-- Opening Marker --

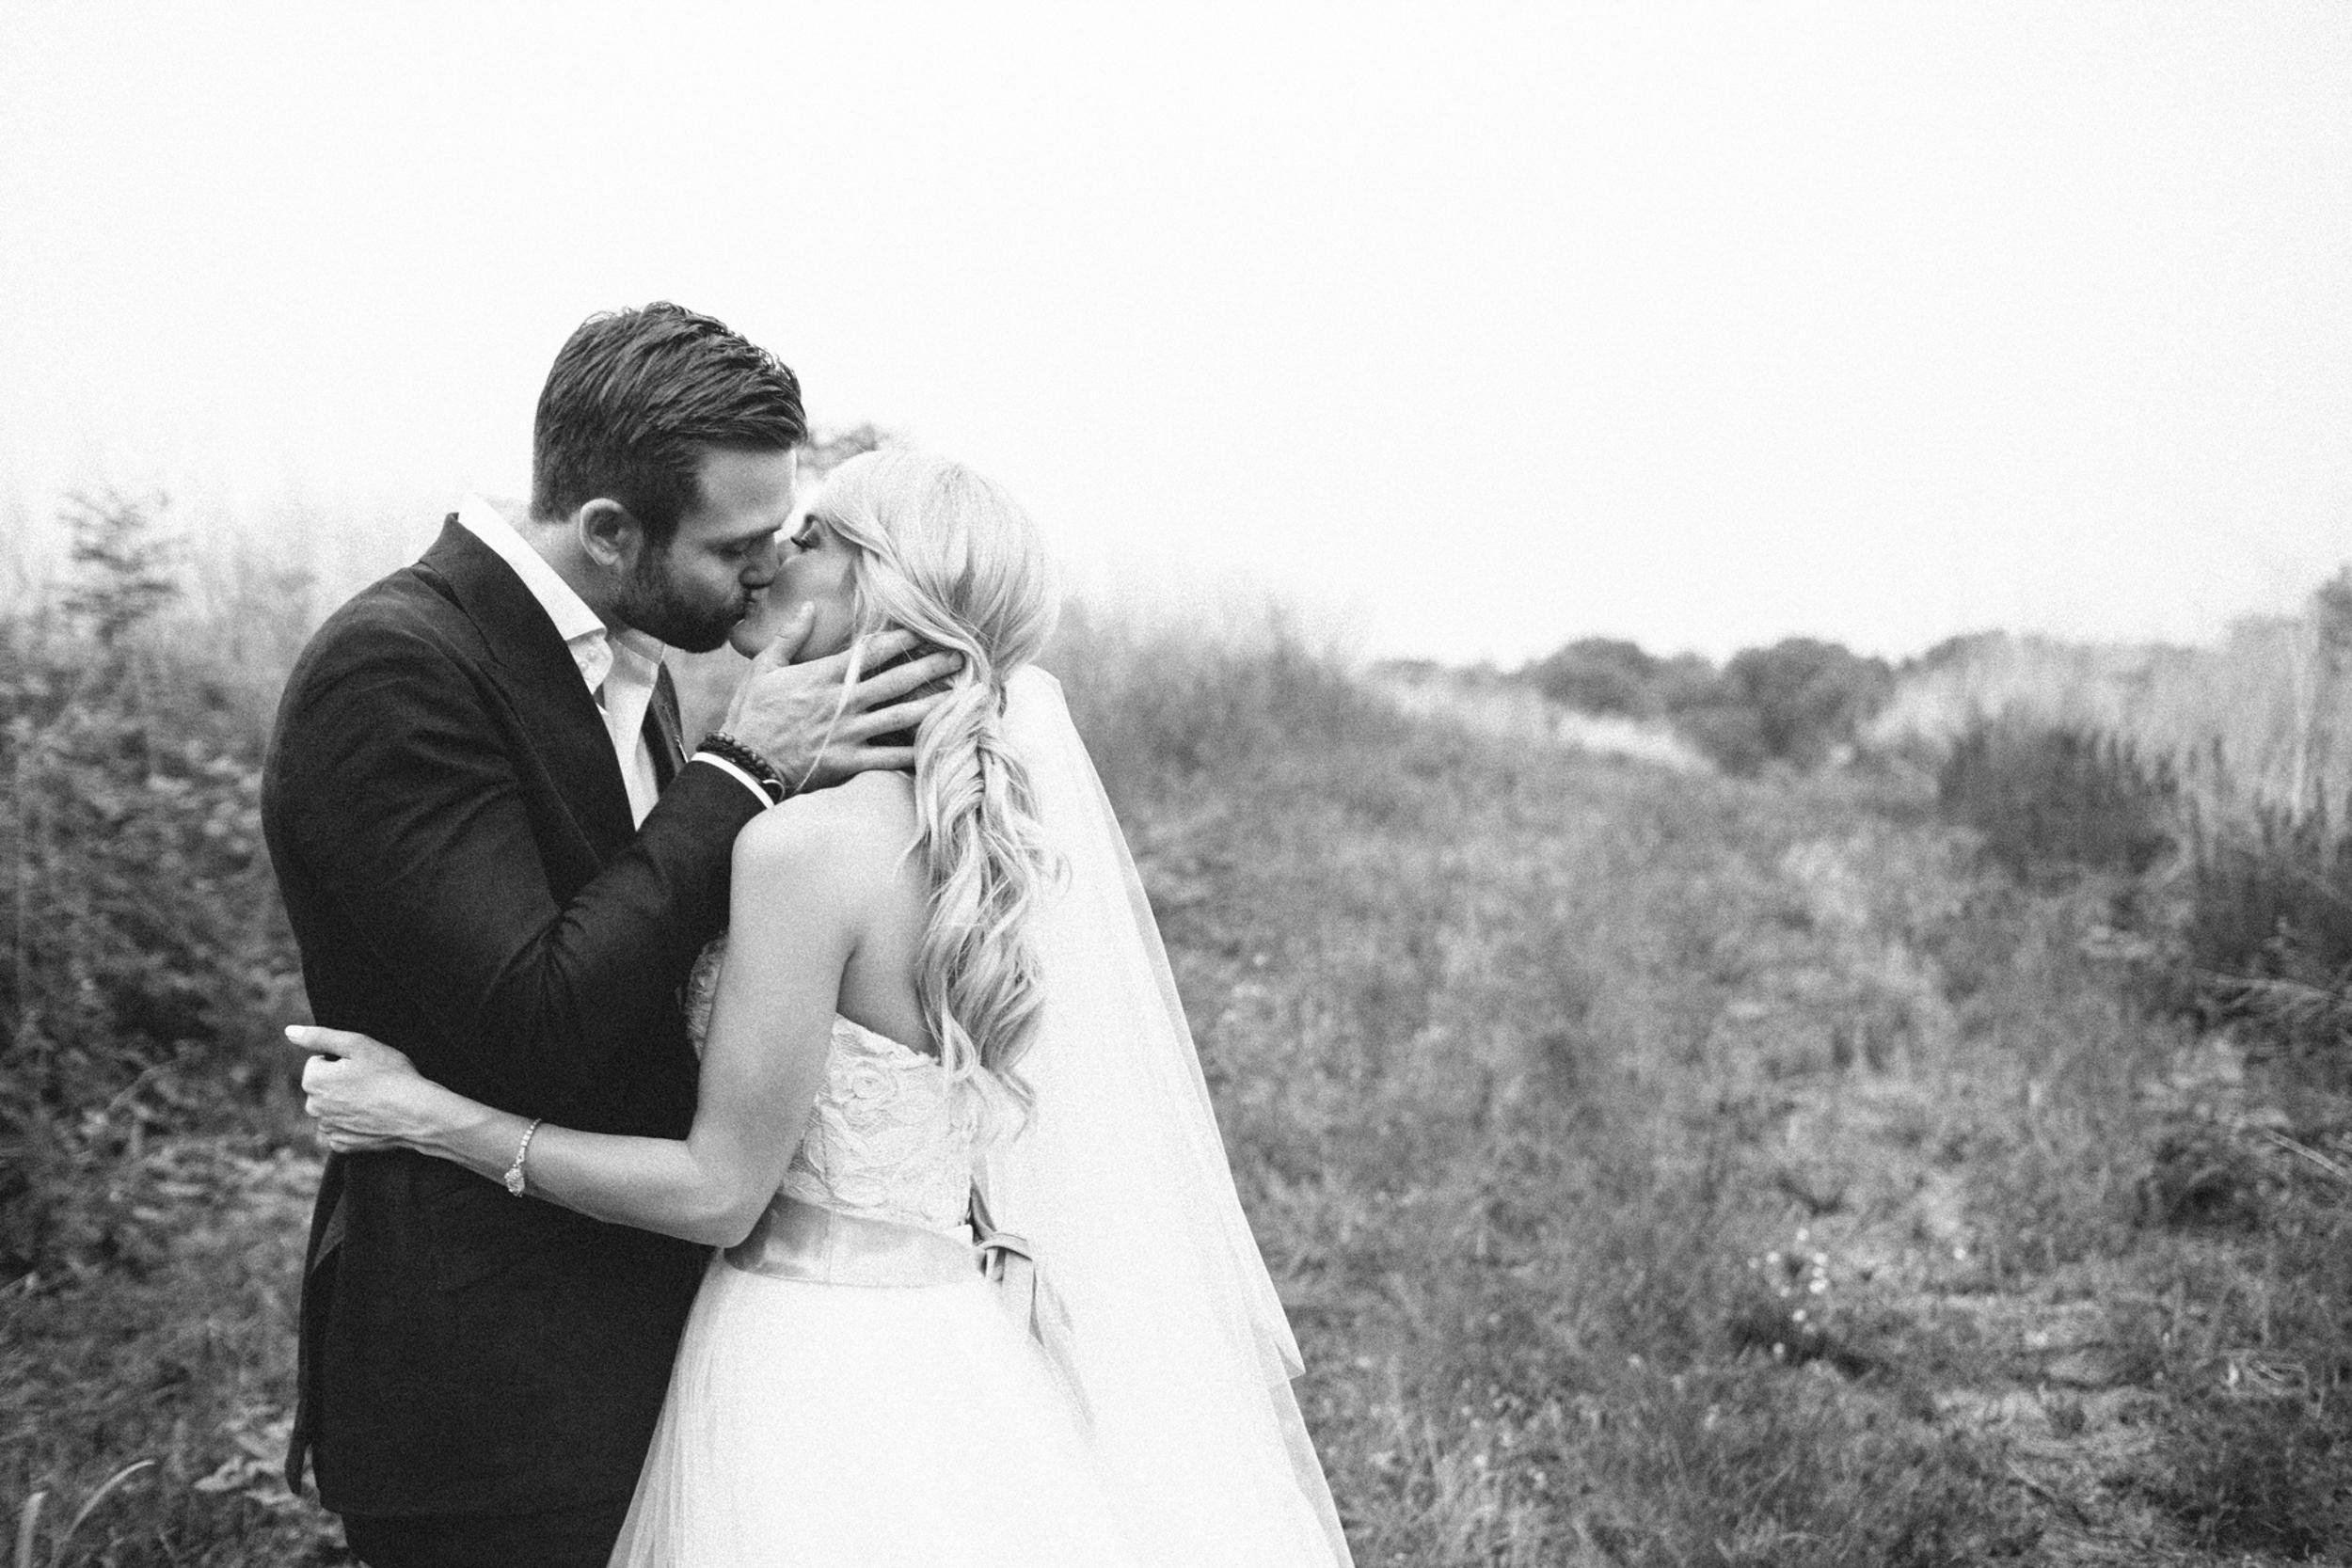 south_carolina_farm_wedding_rustic_chic_surprise_secret_luxe_wedding_bachelorette_emily_maynard_real_weddings-15.jpg
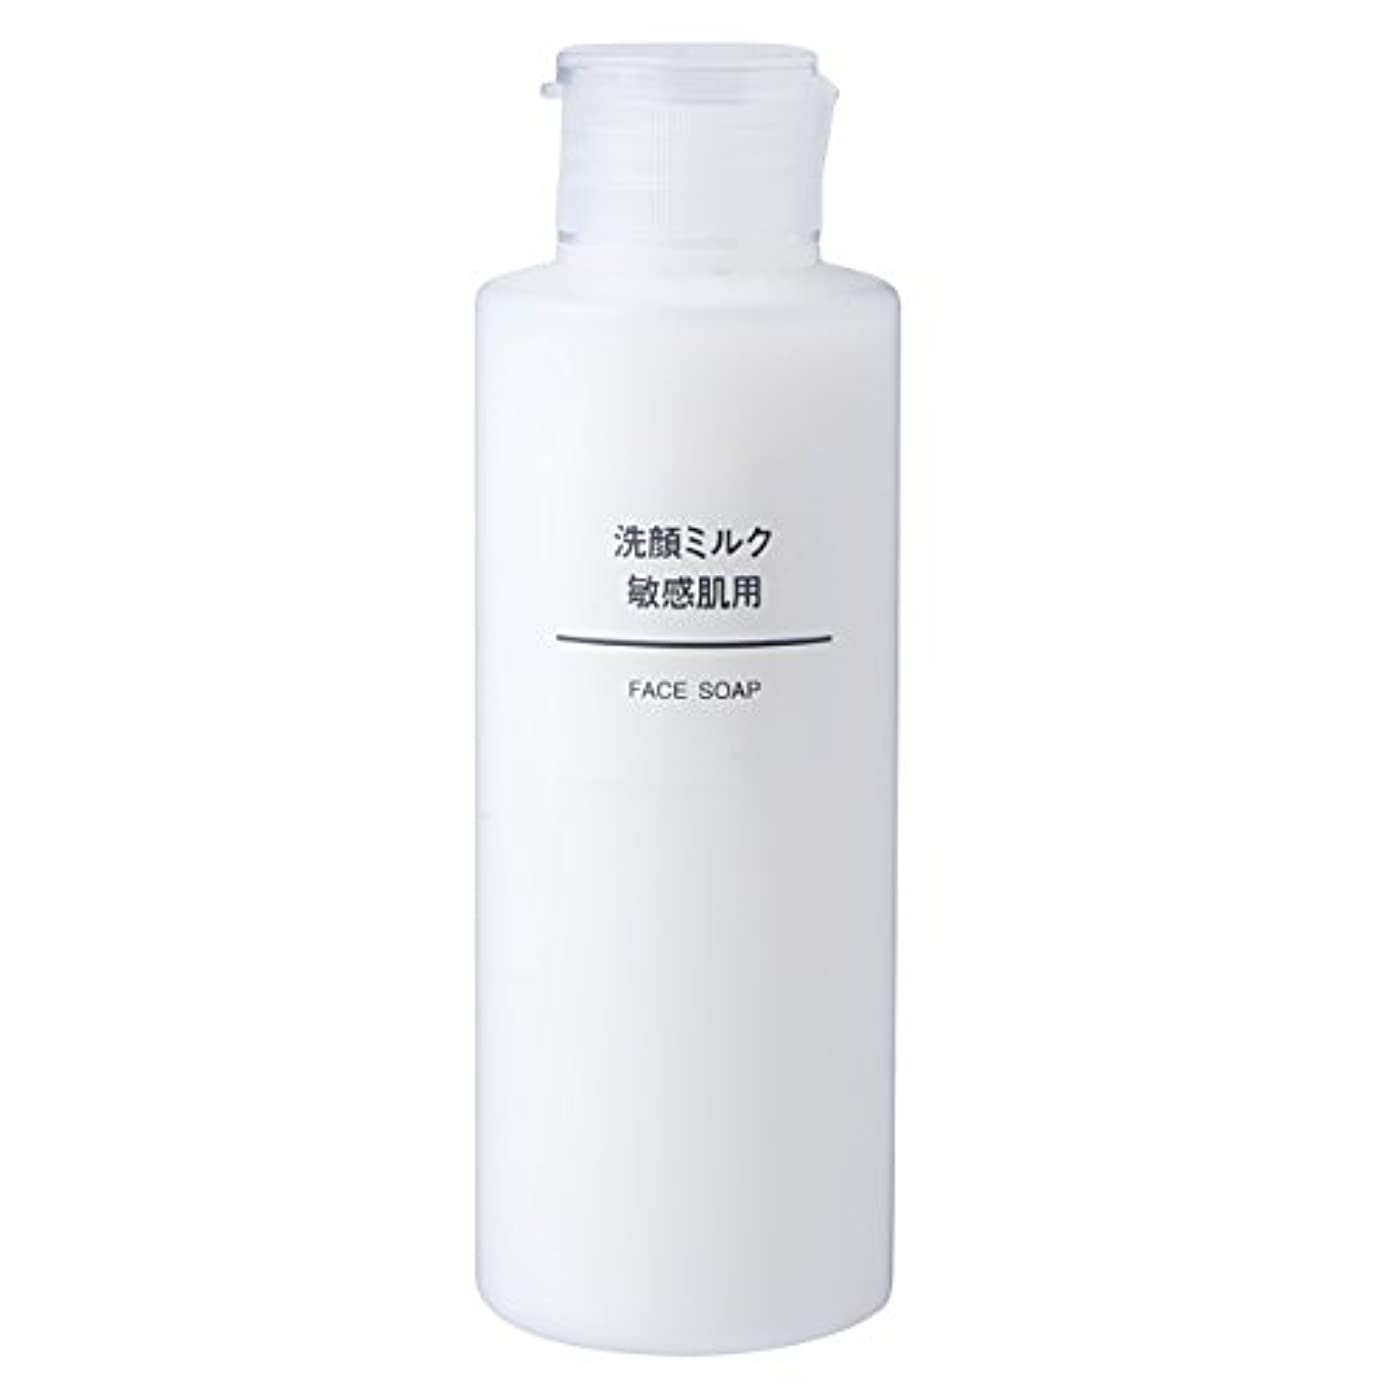 未接続歯科医閉塞無印良品 洗顔ミルク 敏感肌用 150ml
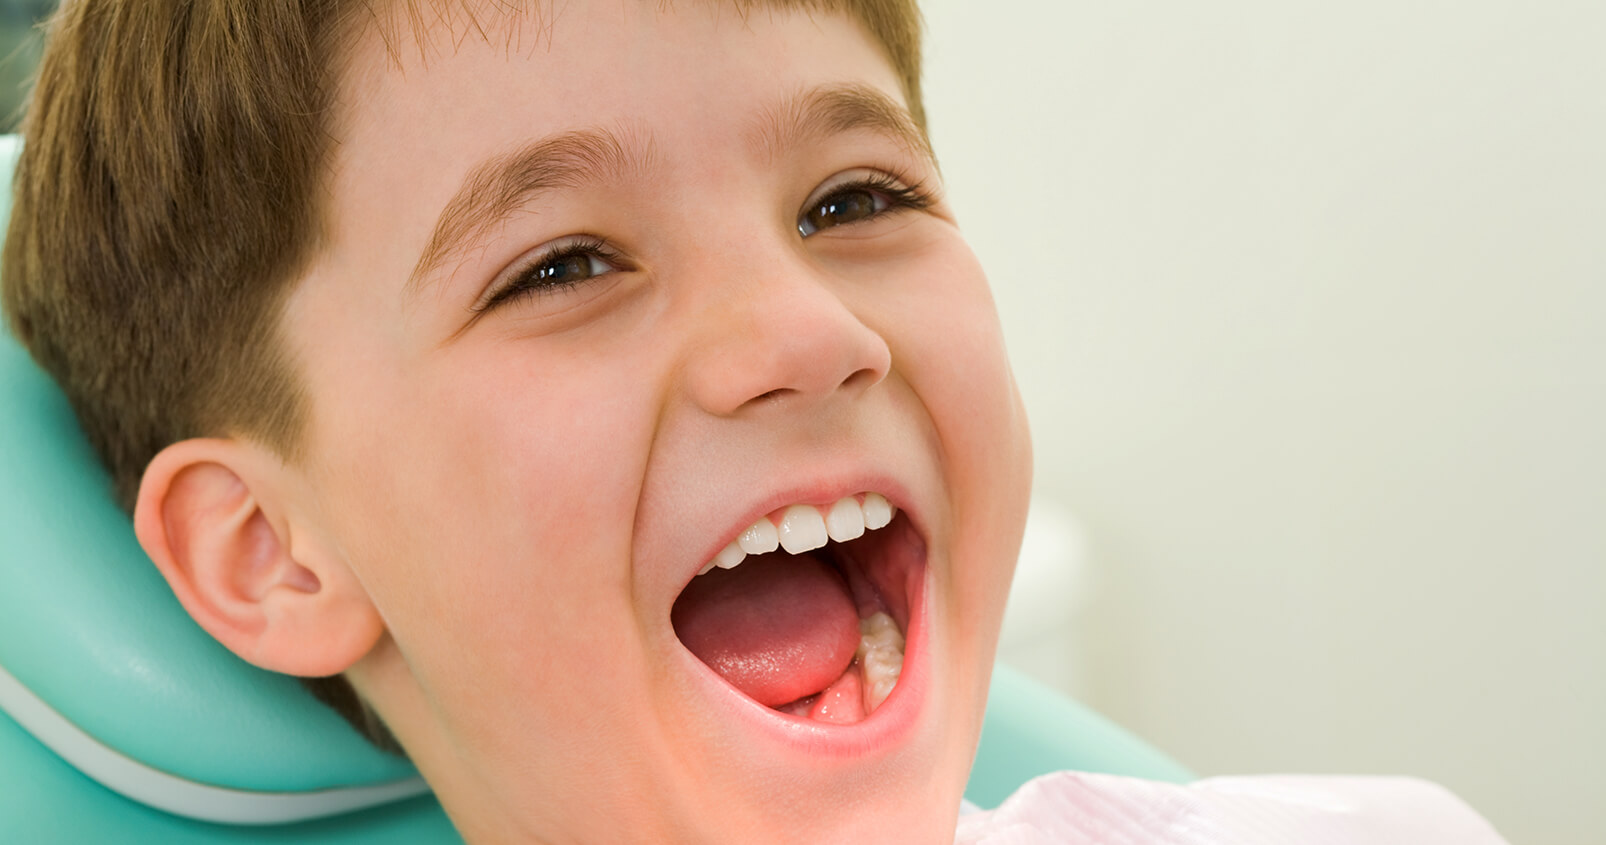 Find a compassionate children's dental office in Azusa, CA

-- Closing Marker --

Output each line above exactly as it stands, omitting the pictures.

• _Solution to this problem_:
 south_carolina_farm_wedding_rustic_chic_surprise_secret_luxe_wedding_bachelorette_emily_maynard_real_weddings-15.jpg
 未接続歯科医閉塞無印良品 洗顔ミルク 敏感肌用 150ml
 Find a compassionate children's dental office in Azusa, CA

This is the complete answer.